- **Task to complete**:
Return, with both end lines included, exactly what the data below holds from the line with "Trinidad y Tobago" through the line with "Dan Murphy Original", though not the pictures.

[Opening Input section]

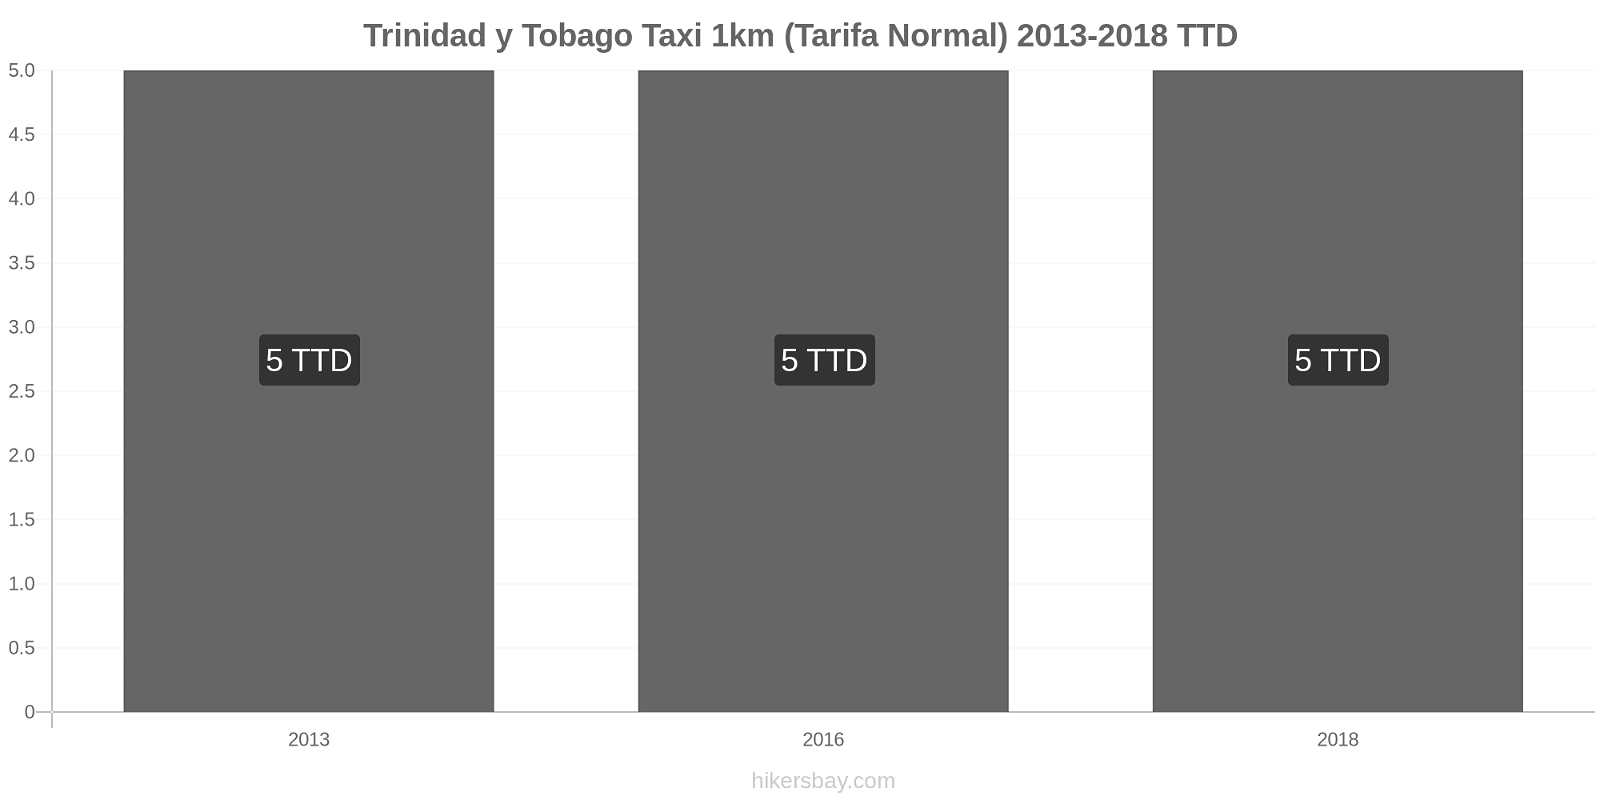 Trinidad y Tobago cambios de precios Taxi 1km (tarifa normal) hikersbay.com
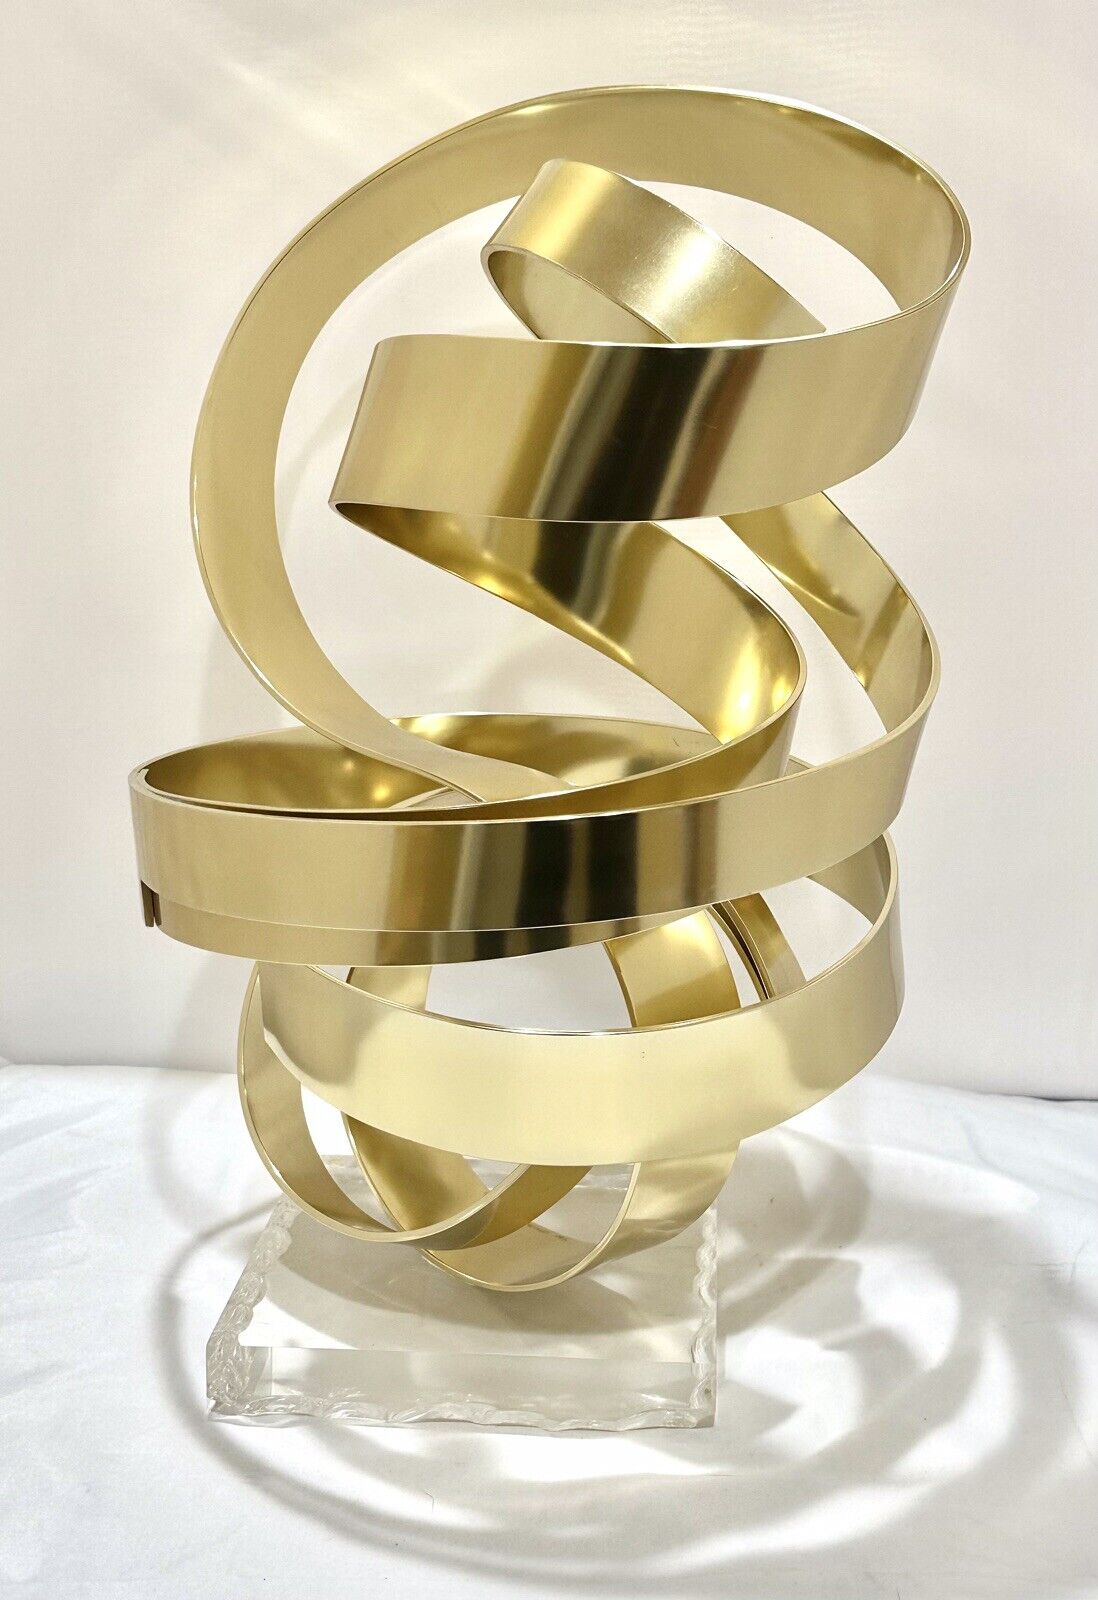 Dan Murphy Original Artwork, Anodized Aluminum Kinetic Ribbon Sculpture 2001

[Closing Input section]
[Opening Input section]

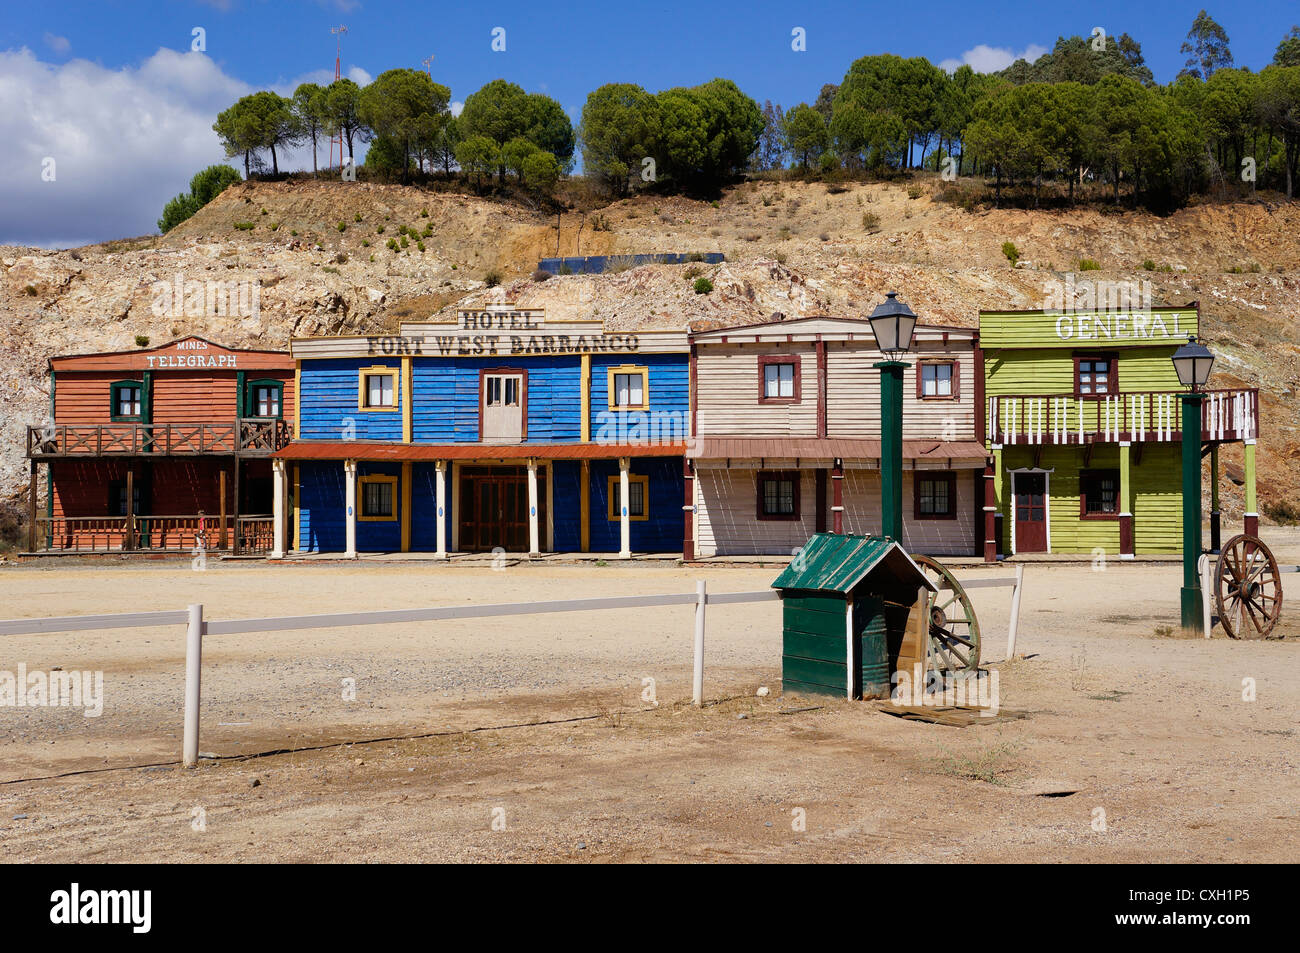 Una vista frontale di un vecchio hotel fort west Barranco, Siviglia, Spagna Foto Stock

[Closing Input section]
[Opening Input section]

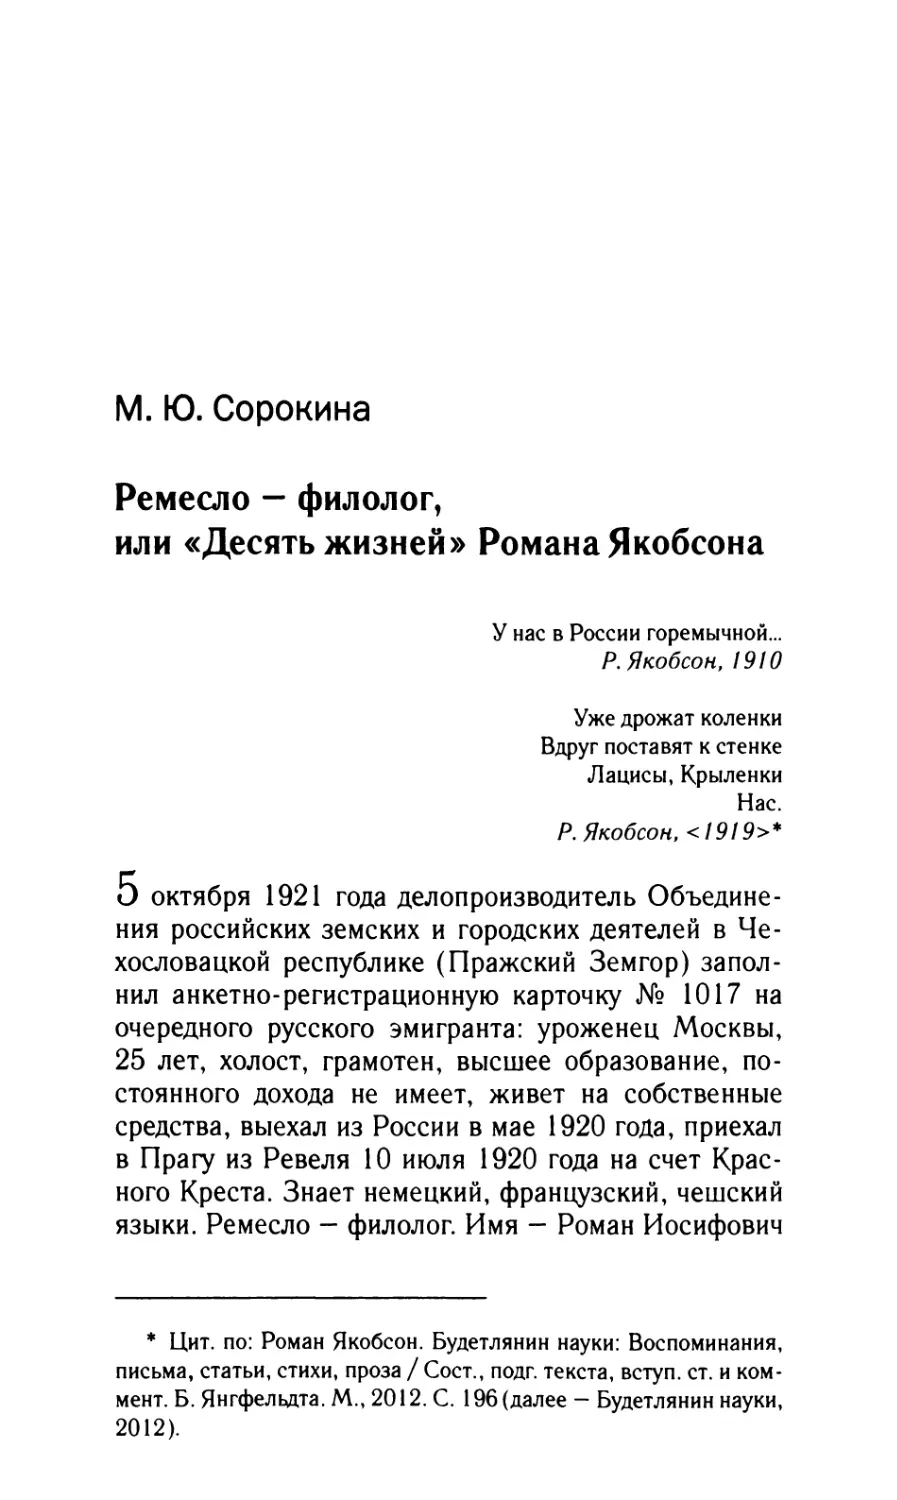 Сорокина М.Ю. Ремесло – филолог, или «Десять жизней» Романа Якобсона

[Closing Input section]

- **Result for this exercise**:
 Trinidad y Tobago cambios de precios Taxi 1km (tarifa normal) hikersbay.com
 Dan Murphy Original Artwork, Anodized Aluminum Kinetic Ribbon Sculpture 2001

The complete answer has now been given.